Pippo Baudo ha dichiarato di non credere all'Auditel: "Credo all'Auditel in quanto rileva una tendenza. Quando si dice 'quel programma ha fatto sei milioni' è assolutamente non vero. E' una proiezione, un sondaggio che ha statisticamente un margine di errore. E' un elemento importante ma essendo uno strumento in vigore da tantissimo tempo potrebbe essere aggiornato alla luce delle nuove tecnologie e delle nuove piattaforme. Ad esempio potrebbe risultare che un programma che fa il 20% di share in realtà ha fatto il 23%. Statisticamente è plausibile, invece i dati vengono interpretati come assoluti. Introdurre una forchetta sarebbe giusto. Perché, per noi che ci lavoriamo e viviamo anche di questo, due o tre punti fanno la differenza su come viene percepito il programma all'esterno".

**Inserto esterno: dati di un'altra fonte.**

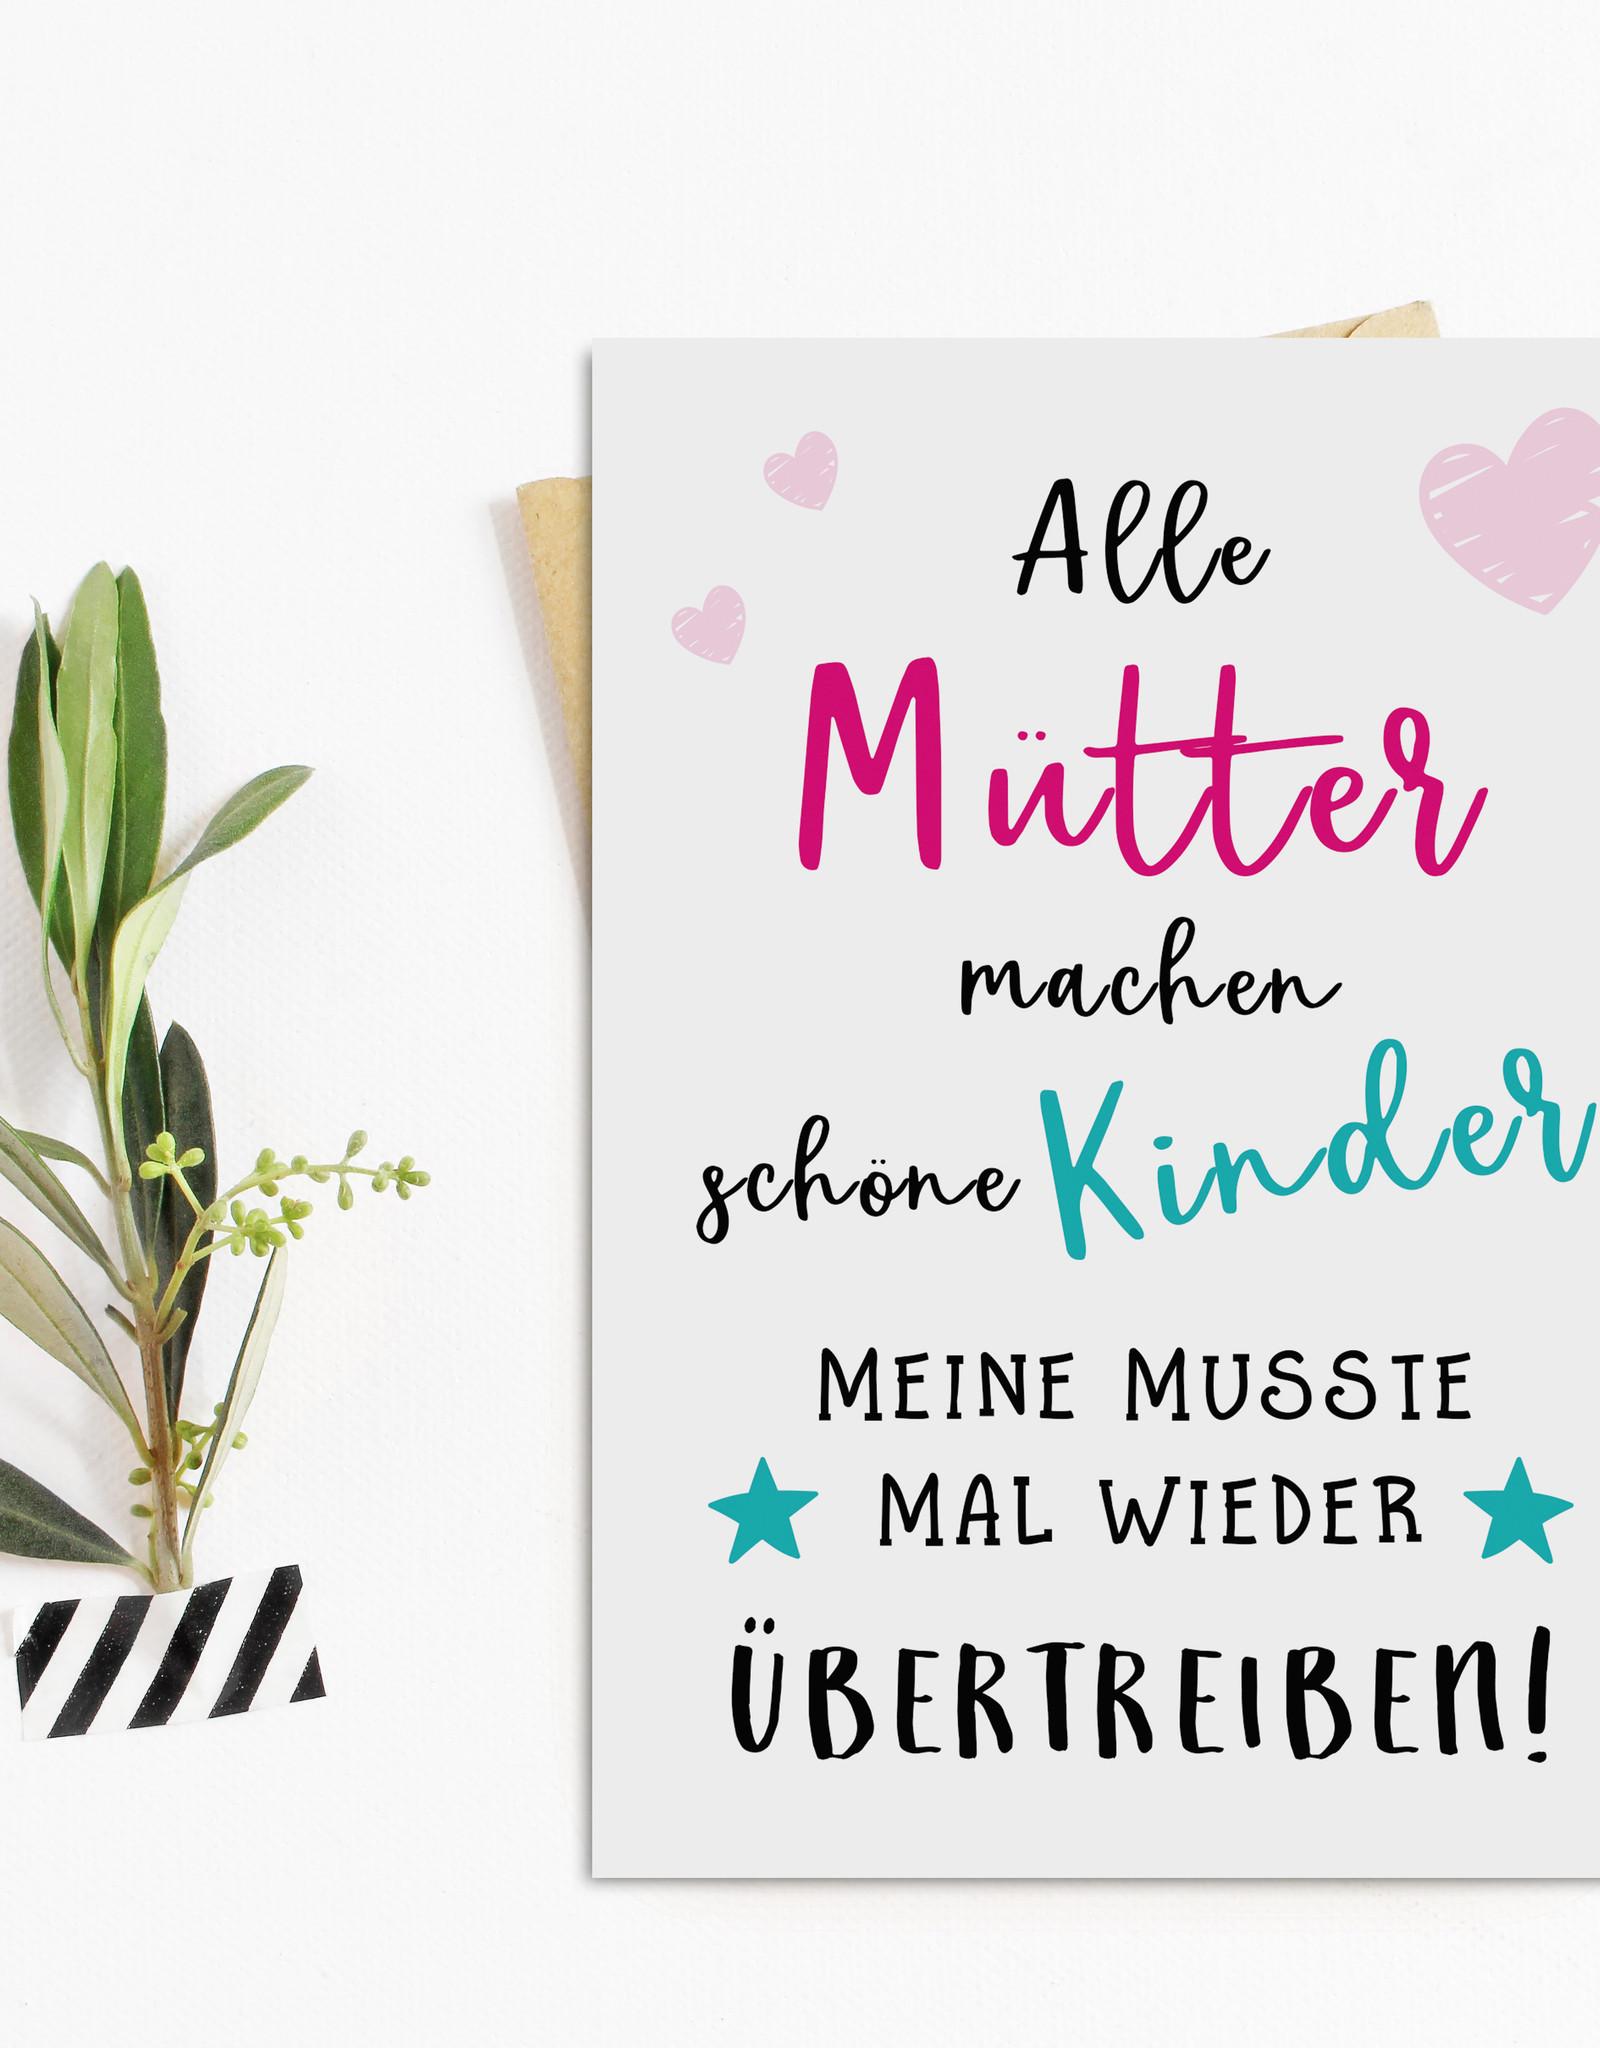 Muttertagskarte Postkarte Muttertag SCHÖNE KINDER Muttertag Karte, Muttertag Geschenk, Muttertag Geschenkideen

Secondo un sondaggio Lorien fra Ballando e Italia's got talent ci sarebbe uno scarto minore, in termini di share, rispetto ai dati che vengono diffusi: "Il sondaggio ha confermato quello che già pensavamo. Senza accusare nessuno, ma con l'idea che la statistica possa avere ha un margine di errore. Siamo consapevoli della nostra forza, quando fai un  programma di successo lo sai e te ne accorgi. Questa è una delle stagioni più brillanti dal punto di vista dell'affetto del pubblico. Lo capisci anche dalla gente che viene fuori dallo studio ad aspettare i protagonisti dello spettacolo, cosa mai avvenuta nelle passate edizioni. Statisticamente sono avvenute cose abbastanza curiose, siamo stati distaccati una settimana anche di 15 punti, e questo ci è sempre sembrato strano e dunque siamo stati contenti che questo sondaggio abbia detto una cosa del genere. Il programma è solido, piace alla gente. Sebbene anche quel che afferma il sondaggio potrebbe essere fallibile, come lo è l'Auditel. Siamo anche consci che su Canale 5 c'è un programma molto ben confezionato, che ha dei validissimi protagonisti e che funziona come format in tutto il mondo".


Il direttore generale dell'Auditel Walter Pancini ha precisato (a Reality & Show) che la misurazione dell'audience serve a stabilire una "moneta" per pianificare gli investimenti. In che cosa consiste questo mercato, e quanto viene influenzato dalle rilevazioni? "Non sono un tecnico ma so che a seconda della percentuale di share di una rete cambia il prezzo degli spazi pubblicitari. E' chiaro che i grandi eventi, come lo show di Fiorello o il Festival di Sanremo, verranno venduti a costi maggiori, la media della rete determina il prezzo. Un punto di share su base annua, dicono gli esperti, vale milioni di euro. Poi ci sono i singoli programmi. La media della rete di Rai1 a gennaio è stata del 18% in questo caso Ballando ha avuto il 22%, è chiaro che diventa una risorsa importante. I programmi in studio hanno una resa maggiore perché oltre alla vendita degli spot c'è il mercato delle promozioni che permettono di spendere il volto del conduttore per promuovere prodotti all'interno dello show, il che fa sì che l'investitore acquista il programma prima che questo inizi. E' successo a Ballando quest'anno, ci è capitato di avere sei interruzioni pubblicitarie, succede solo a Sanremo. Un po' penalizza il programma ma fa piacere perché la Rai è la televisione di tutti. E' un gioco sul quale balla il destino di un'azienda. Se la Rai avesse molti show si potrebbe pensare, in teoria, di abbassare o addirittura togliere il canone. I soldi si muovono in base a quel dato, il fatto che ci sia un margine di errore rende chiaro che sarebbe importante renderlo più chiaro e trasparente".